More than half a million people with serious mental health issues do not receive the care they need due to a variety of barriers, most significantly of which is accessibility. As states and hospitals have cut back on funding for community mental health services, access to treatment has either declined or become unaffordable. Those who are unable to find mental health treatment are likely to end up in jail or prison.According to a 2015 report by the Treatment Advocacy Center, people with untreated mental illness are 16 times more likely to be killed during a police encounter than people without mental illness, and about one in four fatal law enforcement encounters involves an individual with serious mental illness. These are jarring statistics, serving to illustrate a much bigger problem: the failure of the US health care system to offer adequate mental health care both in everyday moments and in moments of crisis.
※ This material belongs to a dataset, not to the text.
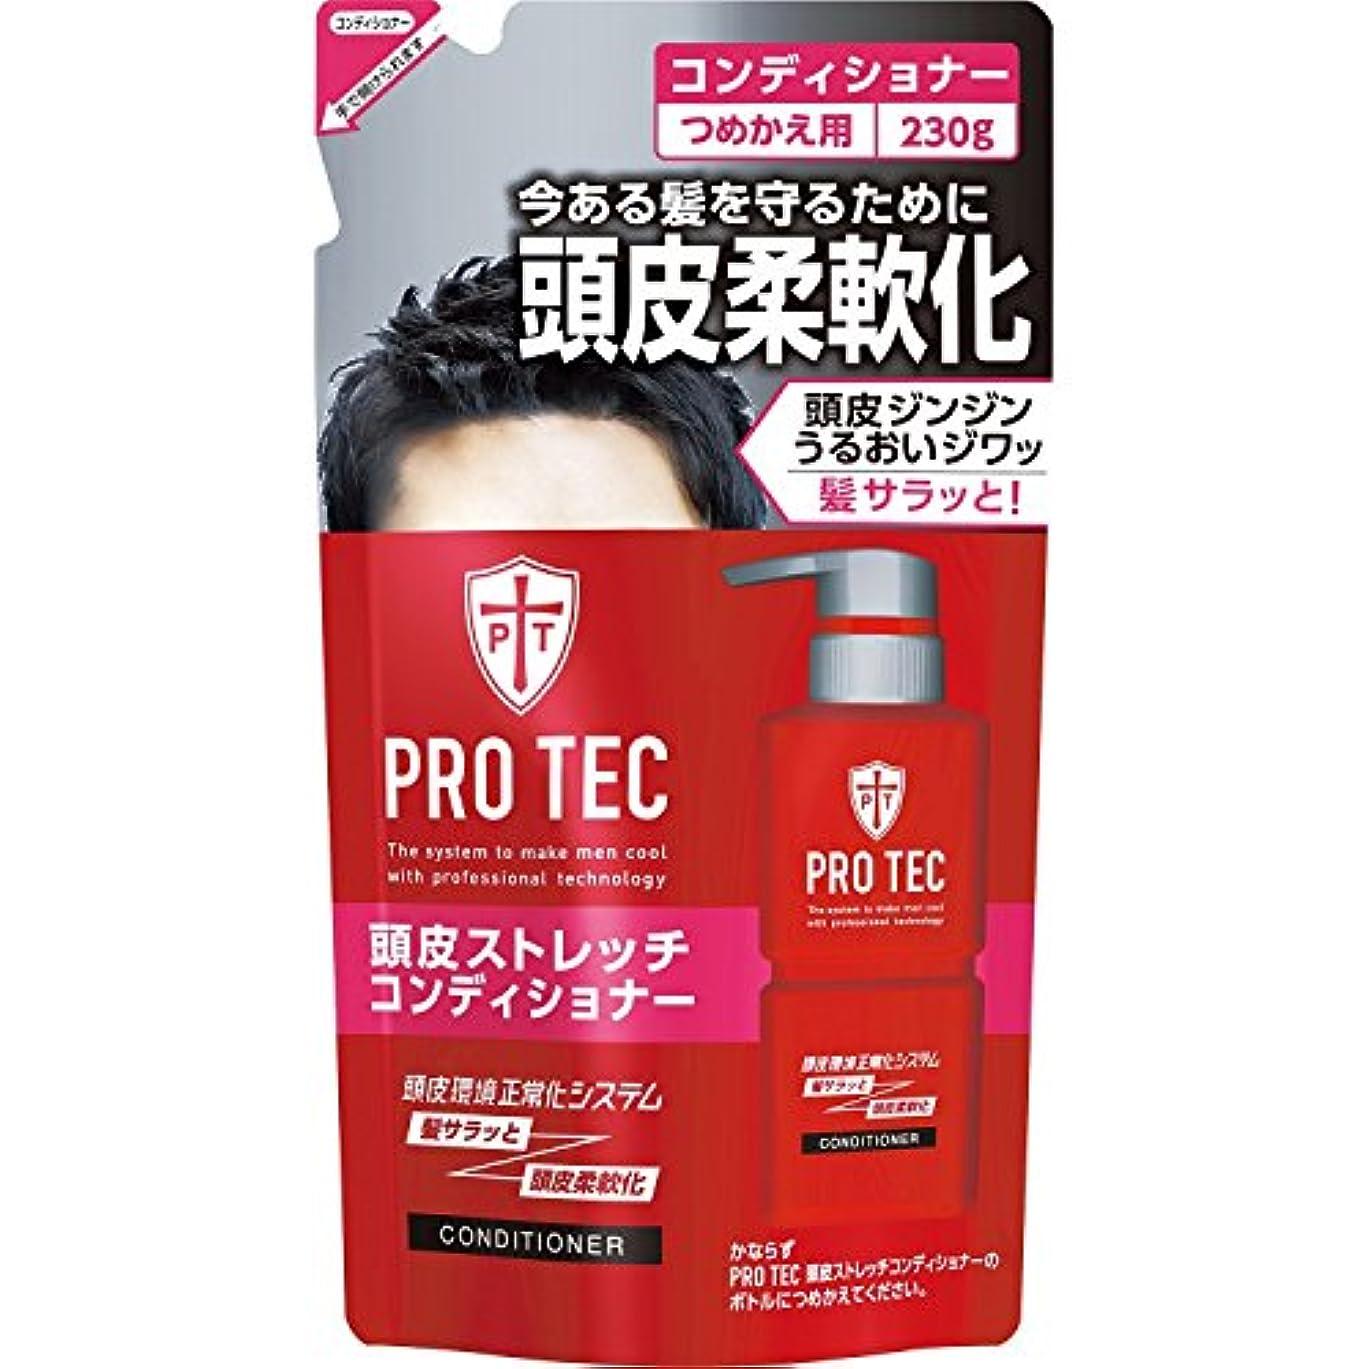 決めます朝ごはんリードPRO TEC(プロテク) 頭皮ストレッチコンディショナー つめかえ用 230g ×20個セット

Shockingly, Los Angeles County Jail, Rikers Island Jail in New York City and Cook County Jail in Chicago serve as the three largest psychiatric institutions in the US. For many, prisons may be their first or last resort for care. Some purposefully enter the criminal legal system in order to receive mental health care.Two million individuals living with mental illness are placed in jails each year, according to the National Alliance on Mental Illness. People with mental illness are typically introduced into the criminal legal system through minor offenses such as jaywalking or disorderly conduct. Not all those who end up in jail or prison leave with a criminal record, but those that do have a harder time finding a job that could provide them with the necessary health care benefits to access mental health care treatment. As a result, they find themselves either homeless, in emergency rooms or back in the prison system once again. People with mental illness have high rates of recidivism.
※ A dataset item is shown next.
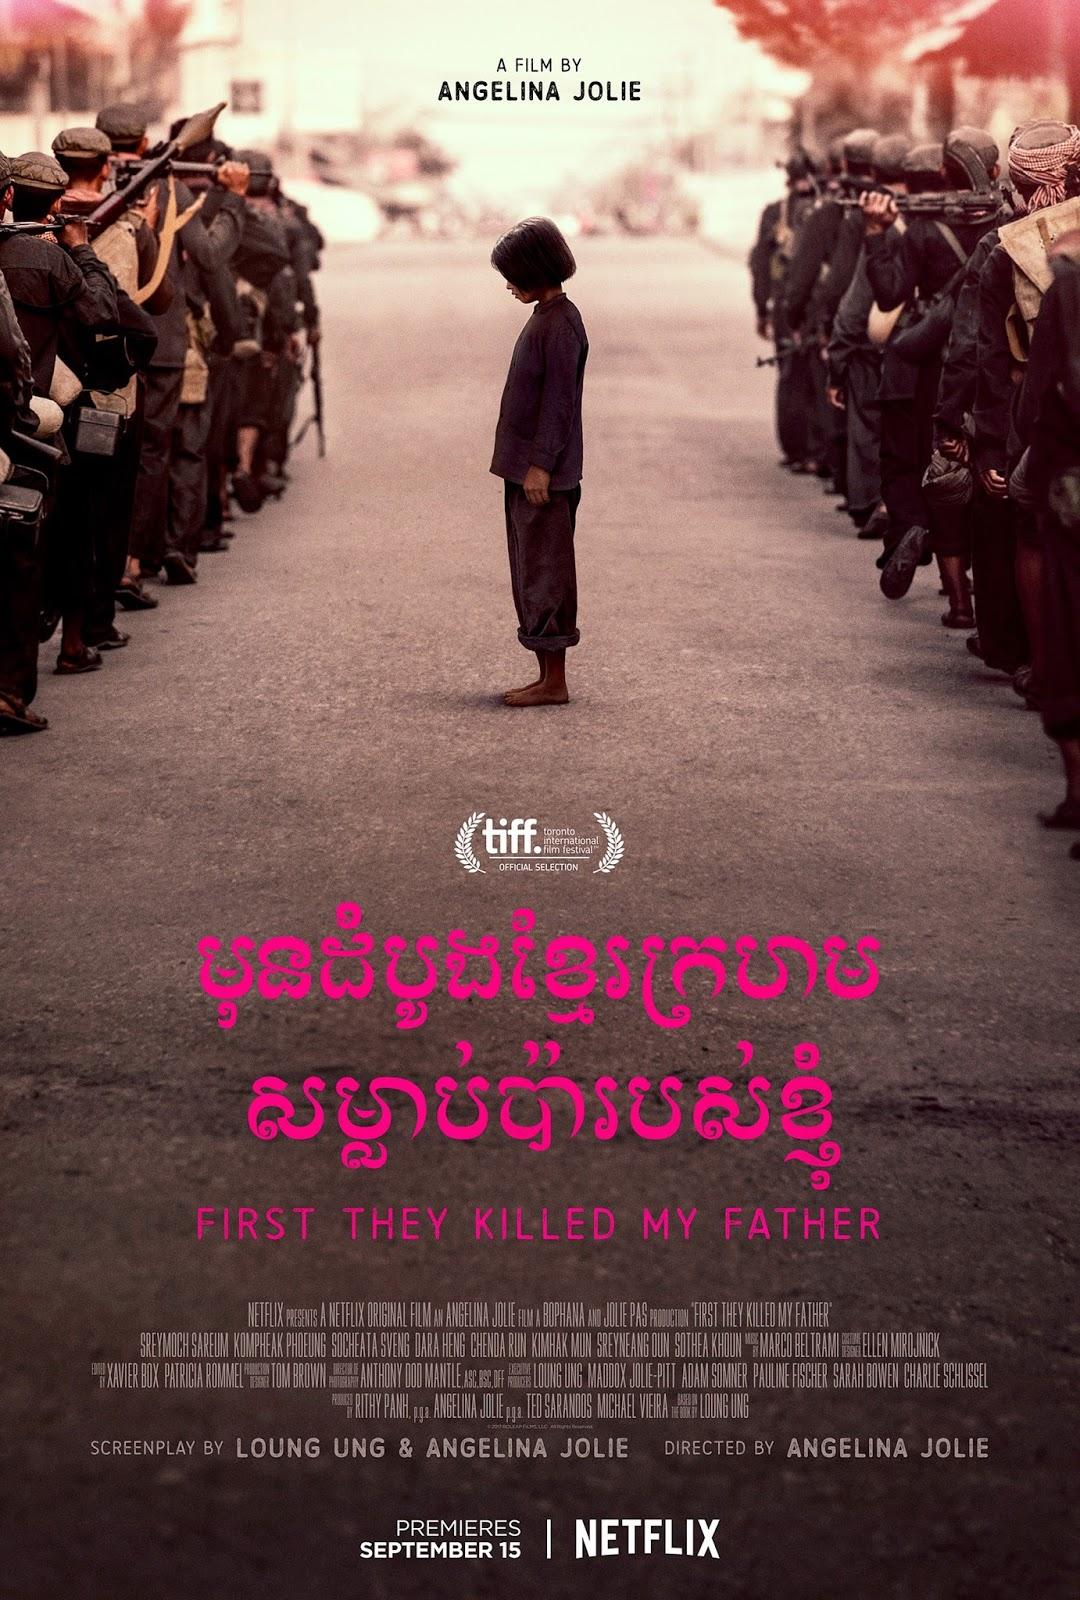 Xem Phim Ngày Họ Giết Cha Tôi 2017

Community organizers around the US are developing alternative emergency first-response models and training that minimize the role of the police. In Eugene, Oregon, White Bird Clinic in collaboration with the City and Eugene Police Department have developed the Crisis Assistant Helping Out on the Streets (CAHOOTS) program, which is a mobile crisis intervention service that responds to non-criminal social welfare emergencies, such as mental health crises, non-criminal substance and drug abuse, and poverty-related issues. The program has found a lot of success in reducing police involvement and helps residents by providing counseling services, mediating disputes and transporting people to social services.

Meanwhile, in Oakland, California, Critical Resistance, an organization working to abolish prisons, has launched the Oakland Power Project. The project provides training to community members so they have the power to intervene in health care emergencies in place of the police. These alternative emergency first-response initiatives provide excellent blueprints for cities to adapt and expand upon to break the link between policing and mental health care that can often be fatal.

Instead, emphasis has increasingly been to provide law enforcement officers with training to deescalate crisis situations with people with mental illness. However, that is not enough. If we want to avoid another death like Said’s, we need to start paying attention to the ways the health care system closely interacts with the criminal legal system and invest greater resources into preventative community-based models of mental health care.